Le rock avait été marqué au fer rouge durant les années 1970 par la question de la guerre du Vietnam. Cette dernière constitua en quelque sorte son déniaisement politique. Le reggae en pleine expansion planétaire y puisa également une source d’inspiration, et pour mémoire Bob Dylan désigna le morceau « Vietnam » de Jimmy Cliff comme l’une des plus belle « protest song » qu’il n’ait jamais entendue.
Mais pendant les années 1980, c’est la lutte contre l’apartheid qui occupe cette place, centrée sur sa figure iconique, Nelson Mandela - bien que Peter Gabriel éclaire en 1986 également le martyre de Steve Biko. D’ailleurs, la principale différence dans le traitement du prisonnier de Robben Island par rapport aux autres « héros » du tiers-monde, Che Guevara ou Marcus Garvay, voire Lumumba, tient évidemment au fait que le leader de l’ANC était bel et bien vivant. On ne célébrait pas son sacrifice, on réclamait sa libération, signe de sa victoire.
Car nous changions d’époque. Terminée la révolution, désormais les temps sont aux « valeurs », qui l’emportent sur les considérations idéologiques dont le punk venait de jouer les dernières notes (quelques tenants du rock alternatif en France s’attaqueront néanmoins au sujet, notamment les Nuclear Device avec leur chanson « Prétoria »).
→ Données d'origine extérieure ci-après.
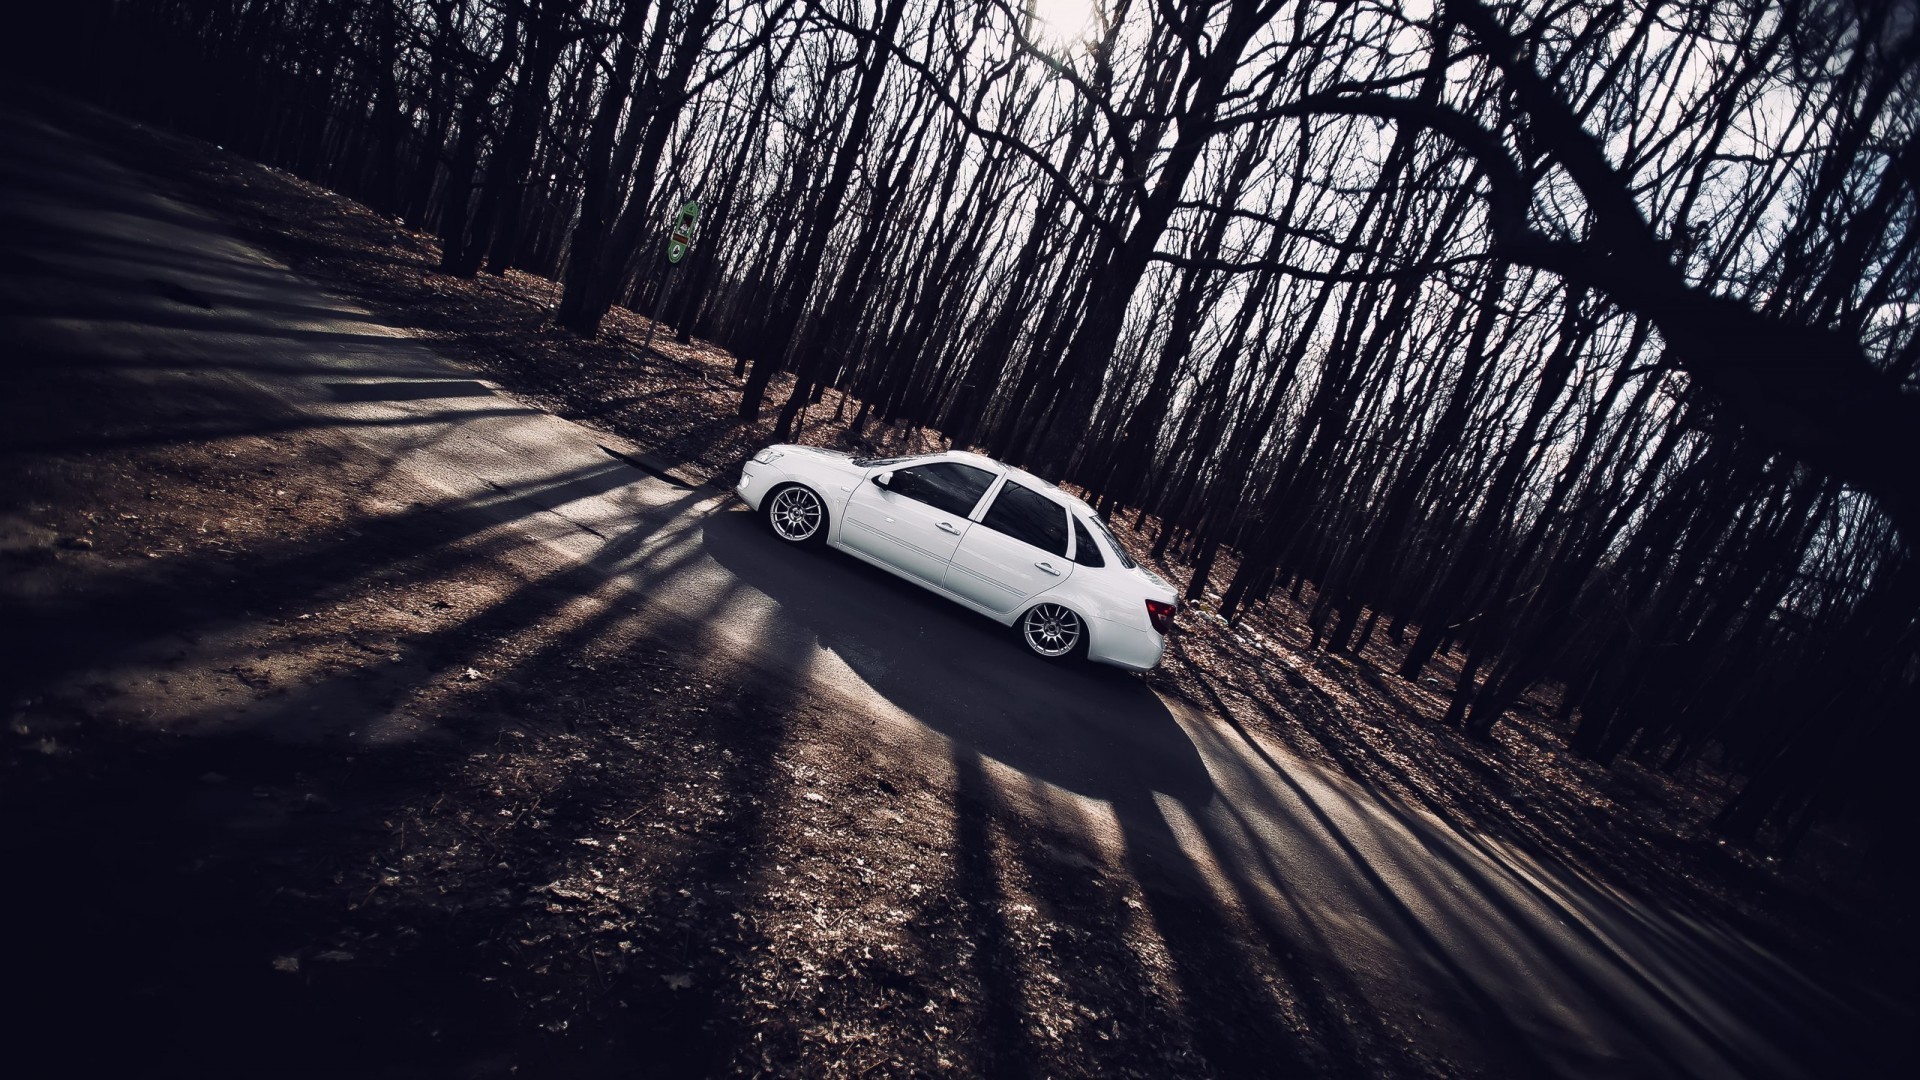 General 1920x1080 car vehicle white cars trees outdoors

Dorénavant, il s’impose de combattre le « mal », le racisme dans son expression la plus explicite. Si bien sûr la dimension anticoloniale demeure dans la tête des artistes africains (comme Youssou N’dour et son album « Mandela » en 1986) ou même Jamaïcains ( à l’instar de Yamy Bollo toujours en 1986), en Europe et en Occident, se joue désormais la grande bataille des droits de l’homme qui rassemblent les foules dans des stades pleins à craqués, avec en parfait illustration le « Mandela Day » de la formation New wave Simple Minds.
Aux USA, le collectif Artists United Against Apartheid, fondé par Steven van Zandt, un ex du E Street Band, rameute de son côté pour le titre « Sun city », dans un bel élan intercommunautaire, les meilleurs représentants du rock patrimonial, du hip-hop naissant, du funk finissant, voire du jazz légendaire, autrement dit sans ordre de préférence Bruce Springsteen, Miles Davis , Herbie Hancock, Ringo Starr, Lou Reed, Run DMC, Peter Gabriel, Afrika Bambaataa, Kurtis Blow, U2, George Clinton, Keith Richards, ou Joey Ramone.
Mais étrangement, si un titre va marquer les esprits et populariser le cas de Nelson Mandela, ce sera le « Free Nelson Mandela » des Special Aka, qui succédait aux Specials, princes du revival ska emmené par le génial Jerry Dammers (qui avait déjà décrit avec acuité dans « Ghost Town » les ravages du thatchérisme). Nous étions en 1984 et beaucoup continuaient de présenter le plus célèbre prisonnier d’Afrique du Sud comme un agent du communisme international, bref un comédien de la guerre froide. Reste à savoir comment aujourd’hui les musiciens s’avéreront capables de lui rendre hommage et de témoigner du personnage historique.